Arguments to the contrary are motivated by a desire for state-regulated sports betting, not by the law.
But that doesn’t make sports event contracts permissible. Even when the economic purpose provision was repealed, it continued to be CFTC’s North Star. Then Congress tightened the screws with the Special Rule in Dodd-Frank. Gambling and futures markets have been separated for 175 years–and started mixing in earnest just over 375 days ago.
The Courts will decide.
The correct defendant is the CFTC.
The correct legal framework is APA (our amicus PDF).
And yes, we are very likely headed to the Supreme Court.
Our predictions: The odds do not favor prediction markets.
Final Verdict
This isn’t complicated.
Speculation isn’t the problem—misclassifying assets is.
Different assets require different rules.
The law already knows the difference.
Are We There Yet?
Every parent is familiar with this question. (Thanks Bart & Lisa Simpson!)
Now America gets to ask it too.
The picture painted above represents the balance we believe is right–the balance between democratization and protection.
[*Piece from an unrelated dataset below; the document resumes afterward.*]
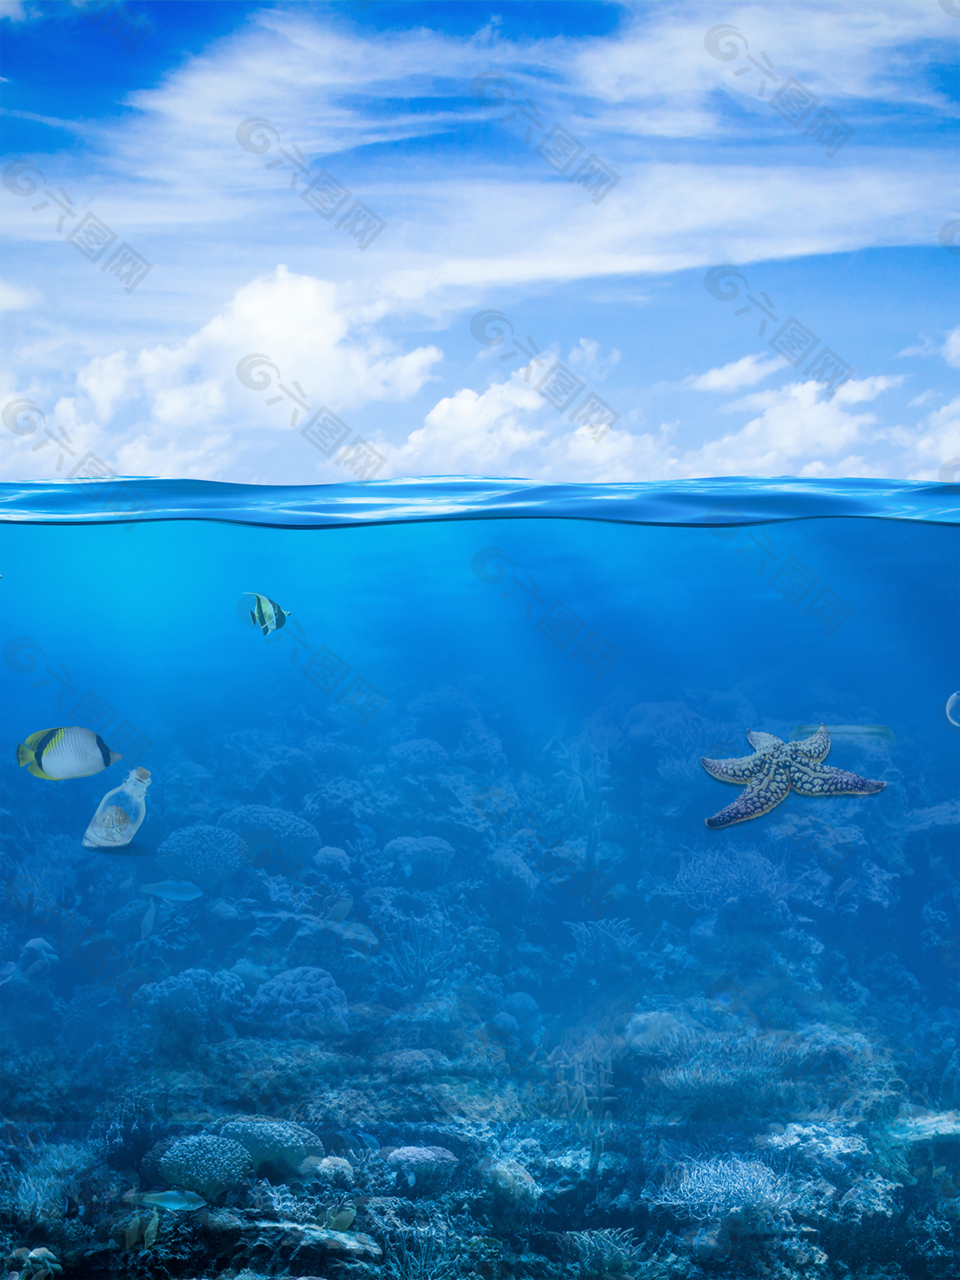 蓝天白云风景海水海面鱼类动物背景

We don’t need new laws to achieve this. The laws we need are already on the books (podcast), they’re simply being misapplied.
We just need to follow them.
So… Are we there yet?
We’re not.
If anything, we’re drifting in the opposite direction.
We’ll explain why in our next post.
Somewhat ironically, the label regulation scheme was in existence before the SEC; state regulators implemented it. It was the right idea applied to the wrong asset. Whether one is investing in a stock or not depends on its price, which changes daily. As such, you can never label a particular stock as speculative. With crypto, though, the idea finally finds a home, a century later.